:: DATASET CONTENT ::

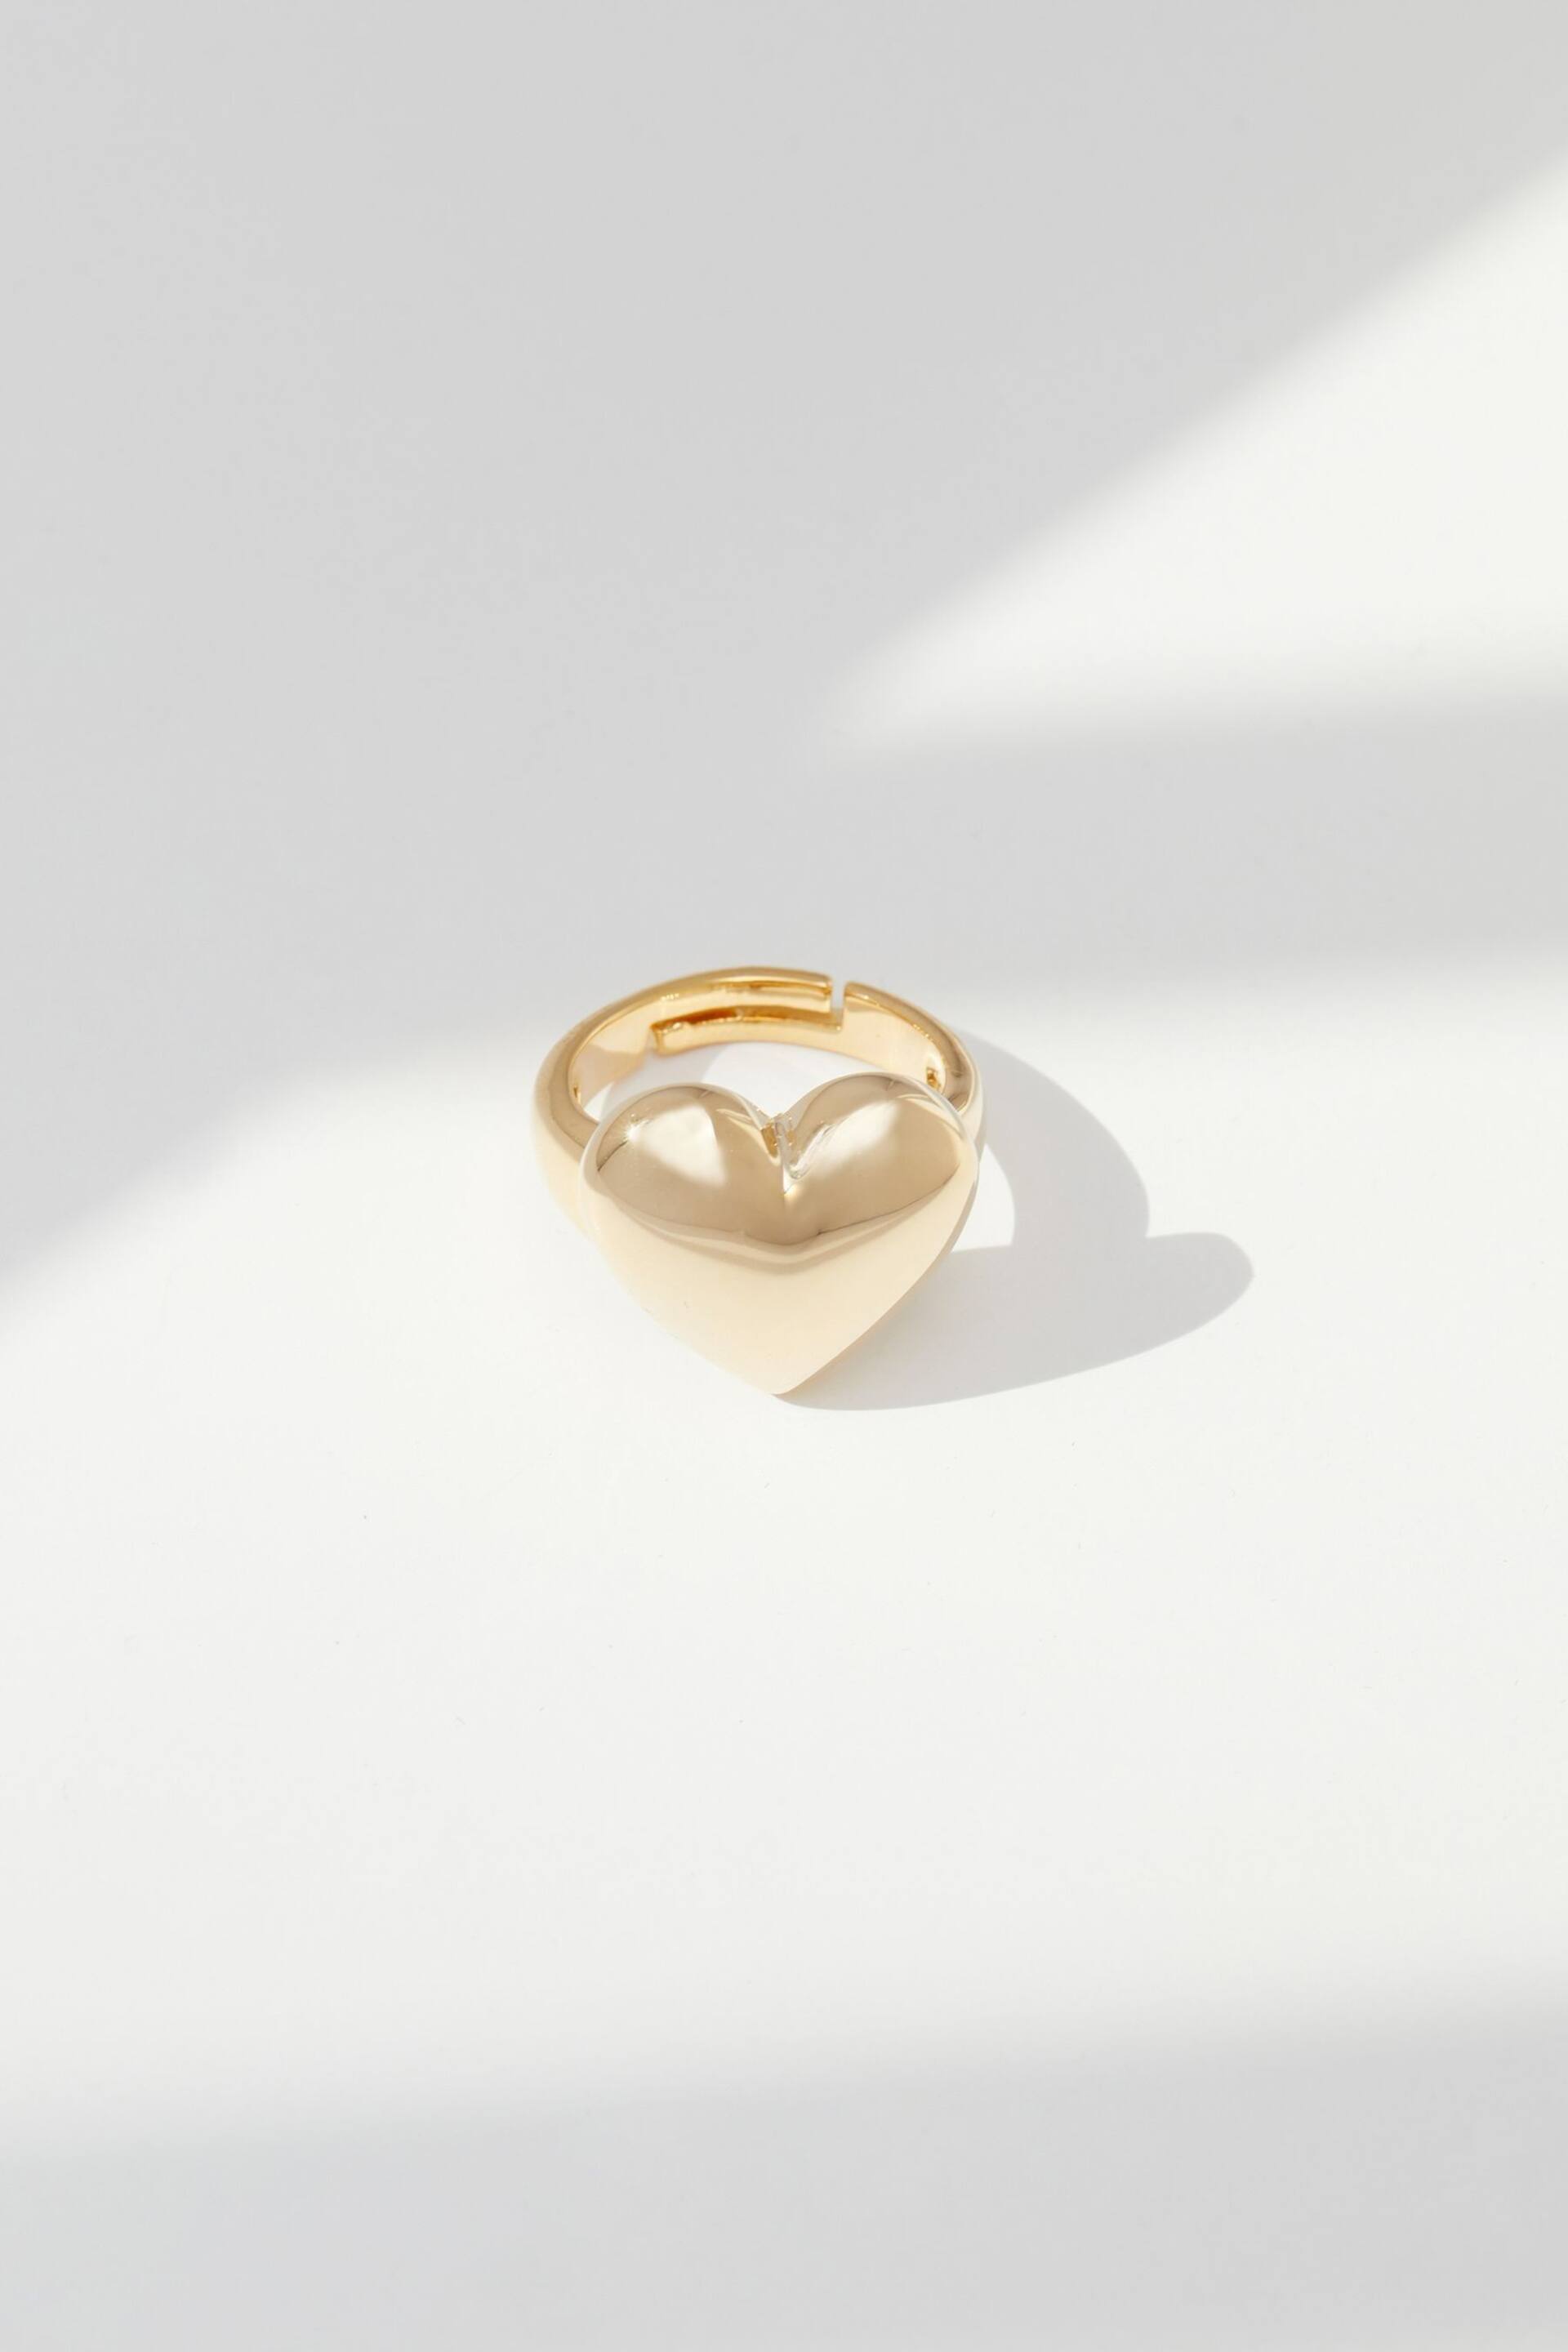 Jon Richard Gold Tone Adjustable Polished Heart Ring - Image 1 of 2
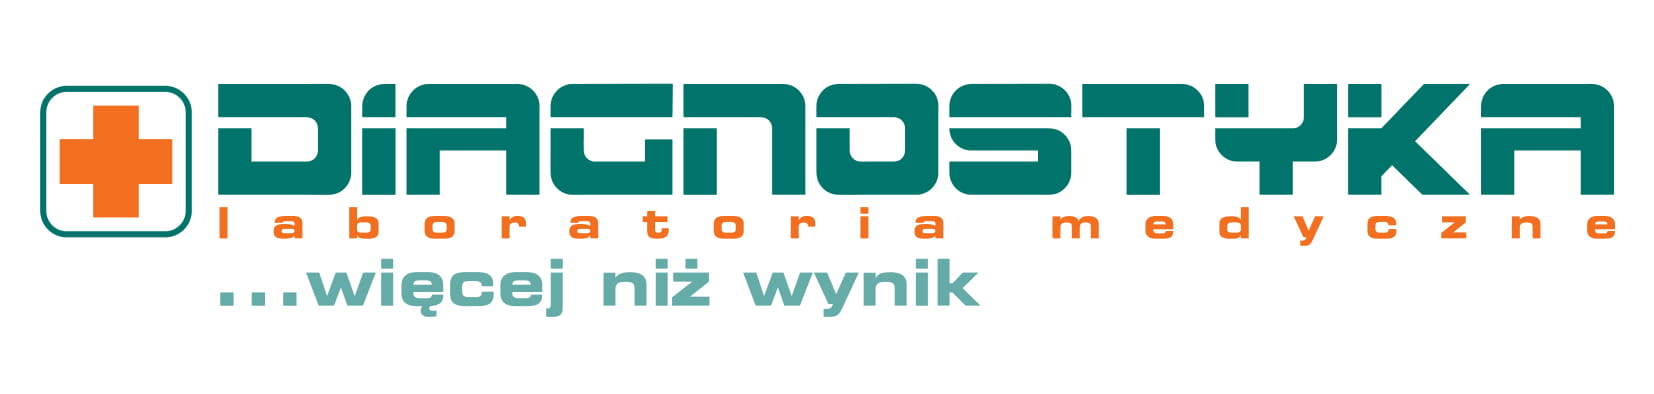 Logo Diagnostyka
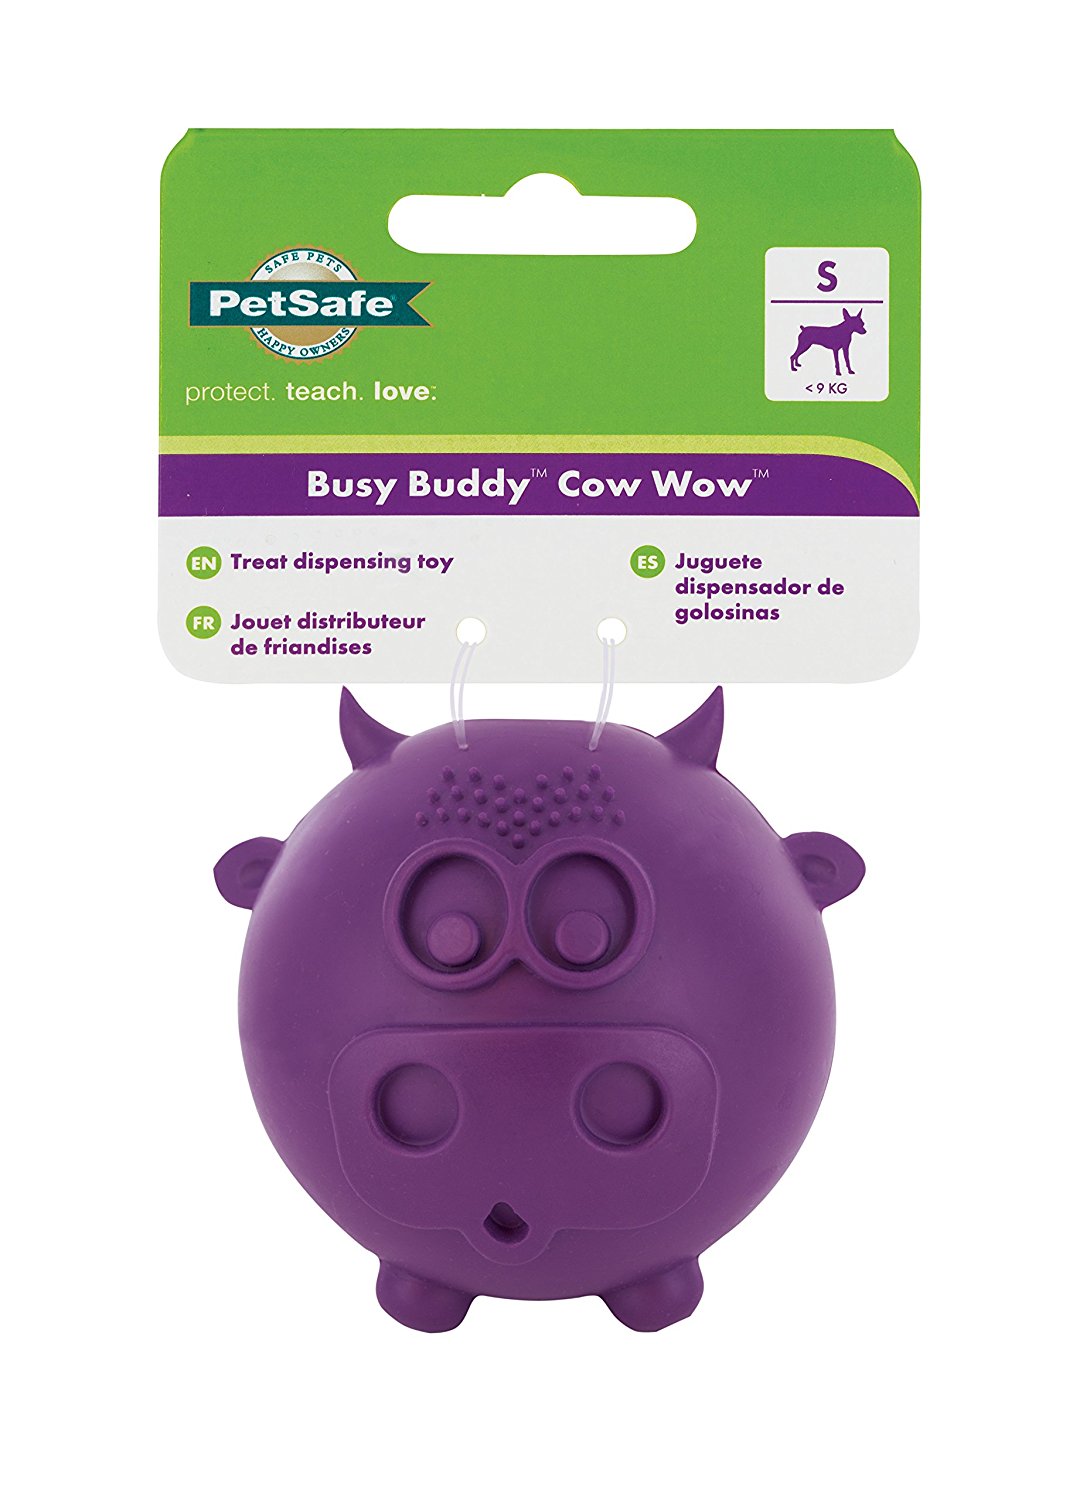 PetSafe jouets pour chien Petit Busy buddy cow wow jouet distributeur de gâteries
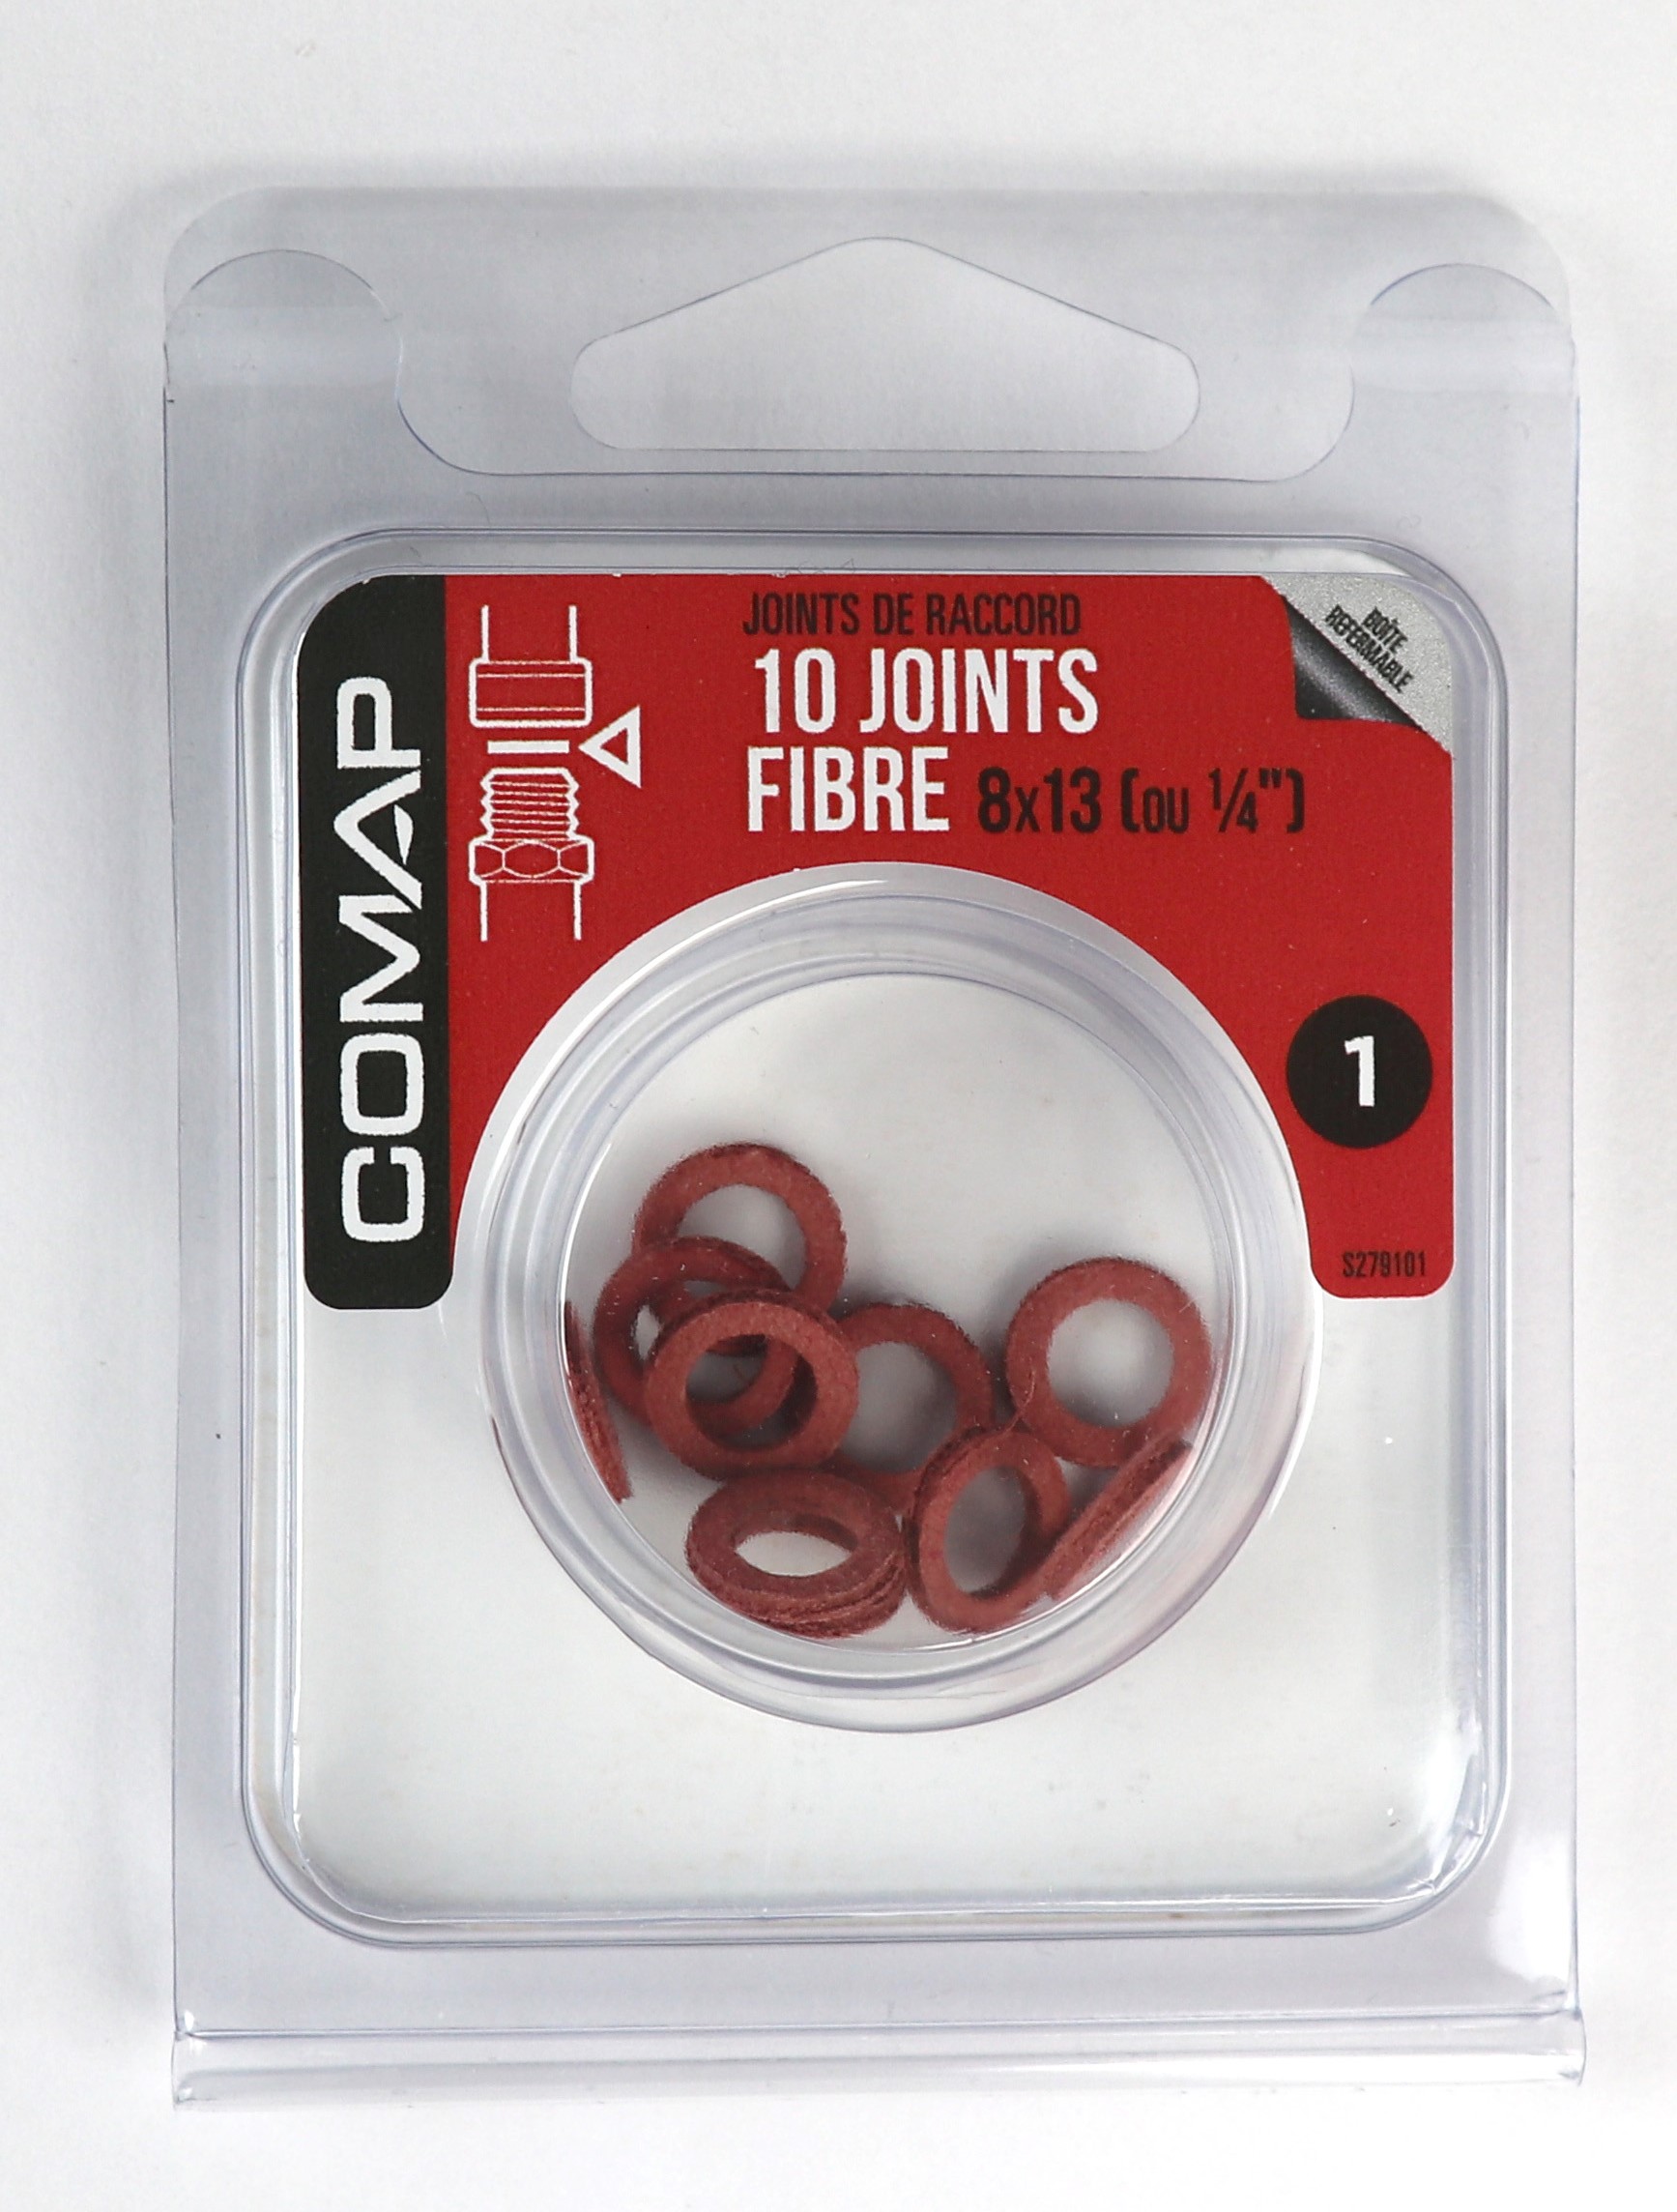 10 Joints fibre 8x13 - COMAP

:: WHAT YOU HAVE TO DO ::
Transcribe the whole listing exactly but exclude images.

:: TASK RESPONSE ::
 Jon Richard Gold Tone Adjustable Polished Heart Ring - Image 1 of 2
 Logo Diagnostyka
 PetSafe jouets pour chien Petit Busy buddy cow wow jouet distributeur de gâteries
 10 Joints fibre 8x13 - COMAP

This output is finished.